Und dann steht es da, das Velodrom. Das Ziel davor etwas klein und unspektakulär. Dafür aber jede Menge Leute, Fernsehen und Fotografen. Alle jubeln mir zu. Ich rolle auf dem riesigen Platz davor zu einem einzelnen Absperrgitter und lehne mein Rad dort an. Das erste was ich mache ist mir die Schuhe auszuziehen, wie habe ich mich seit Stunden darauf gefreut. Es kommen einige Leute angerannt, gratulieren mir und machen Fotos. Jetzt muss ich nur noch ins Velodrom, den letzten Stempel holen und das Heft abgeben. In aller Ruhe geht es hinein. Es ist etwas verlassen um diese Zeit, kein Vergleich zu den vergangenen Tagen, wo Tausende hier drin waren. Gratulationen hier von den wenigen freiwilligen Helfern die um diese Zeit schon da sind. In Ruhe hole ich mir mein Essen, setze mich hin und mache erst mal nichts. Seit 42 Stunden und 26 Minuten endlich wieder Zeit zu haben. Nicht weiter zu müssen, ein herrliches Gefühl. Ein älterer, gebürtiger Engländer setzt sich zu mir.
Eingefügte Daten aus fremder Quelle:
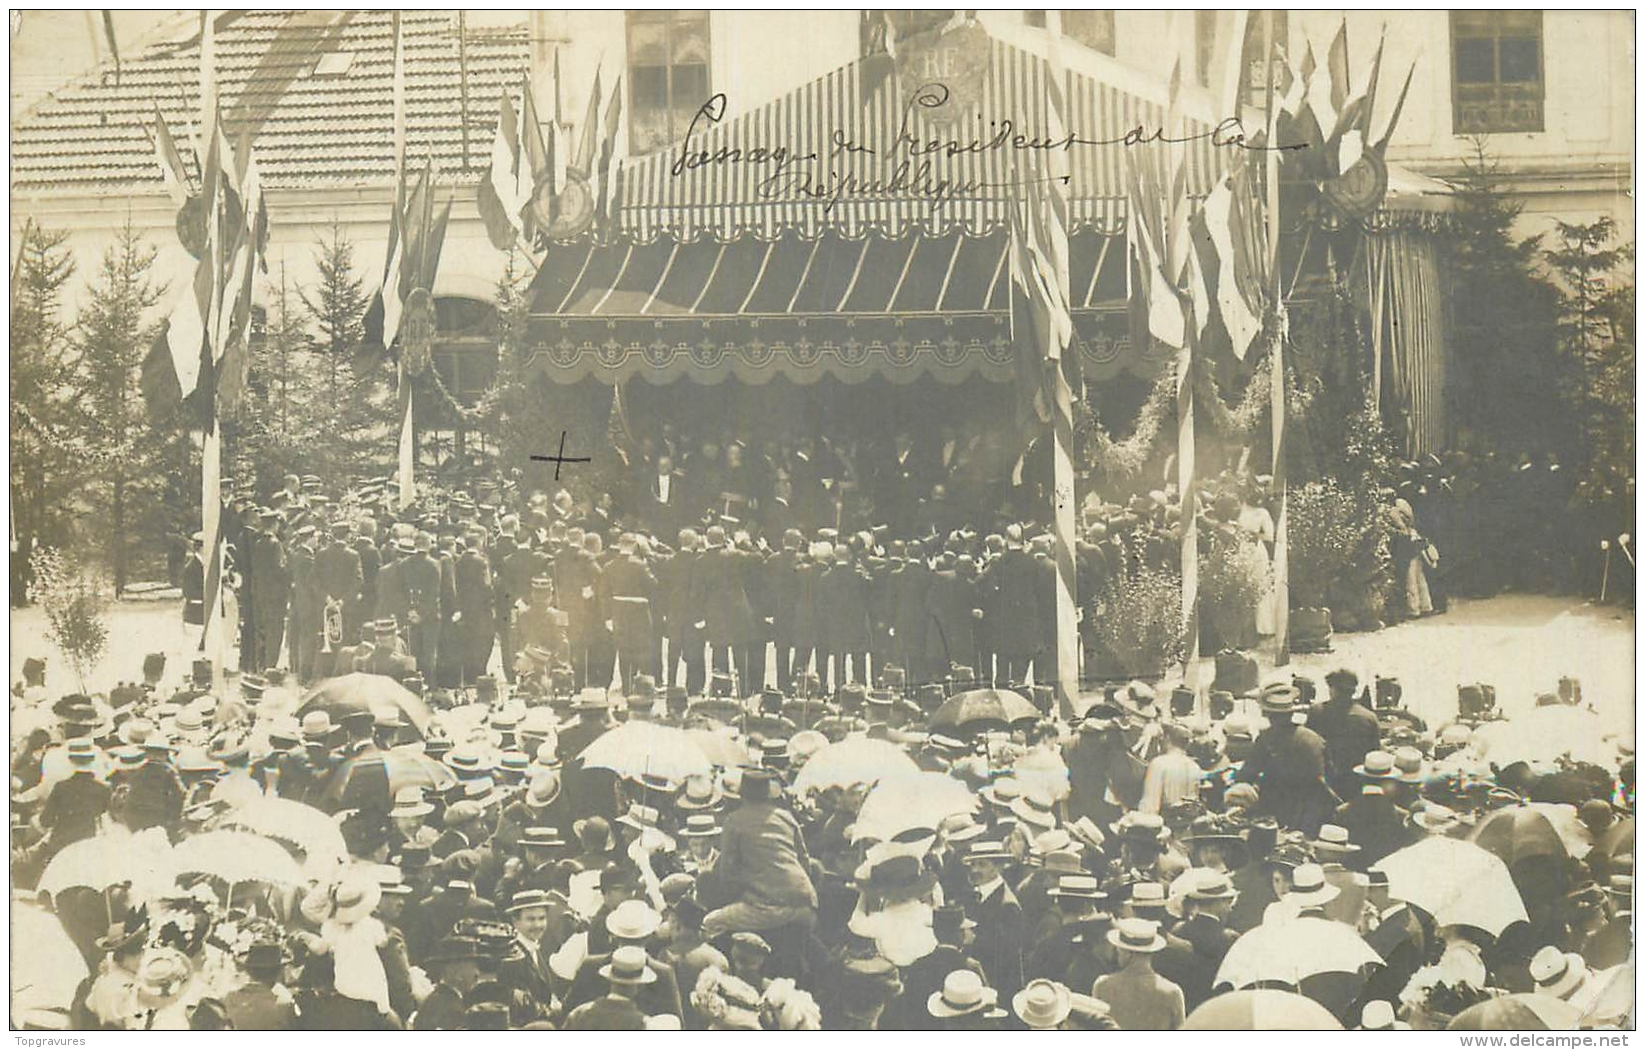 87 CARTE PHOTO SAINT-JUNIEN PENDANT PASSAGE PRESIDENT DE LA REPUBLIQUE POINCARE - Saint Junien

Wir plaudern eine ganze Weile über alles Mögliche. Nebenbei esse ich, Nudeln mit Hühnchen. Das geht runter wie Öl. Als ich fertig bin mit Essen kommen die ersten nachfolgenden Fahrer herein. Ein Plausch hier ein Plausch da, Fotos, Hände schütteln, das ganze Programm. Immer wieder Bewunderung vor mir und die Frage wie das alleine ging oder ob ich nicht doch irgendwo einen Betreuer versteckt habe.
Mit brennenden Händen, Füßen und Hintern eierte ich mit dem Fahrrad danach zum Zeltplatz zurück. Für die 12km brauchte ich tatsächlich eine dreiviertel Stunde, so langsam war ich schon lange nicht mehr unterwegs. „Schnell“ noch duschen, etwas essen und in Ruhe alle eingegangenen Nachrichten im Handy lesen, so mein Plan. Daraus wurde im bequemen Campingstuhl leider nichts mehr. Nach 56 Stunden ohne Schlaf forderte den mein Körper unweigerlich ein. Ich schaffte es gerade noch so in meinen Schlafsack in dem ich glücklich und zufrieden einschlief.
Paris - Brest - Paris, es war eine fantastische Veranstaltung. Hervorragend organisiert. Es gab hier keine Nachlässigkeiten, einmal den falschen Eingang benutzt egal wo - sofort wurde man auf den richtigen Weg gewiesen, es passte einfach alles. Die Strecke, super ausgewiesen, permanent wellig - für mich ein Traum. Vielen herzlichen Dank dafür !!!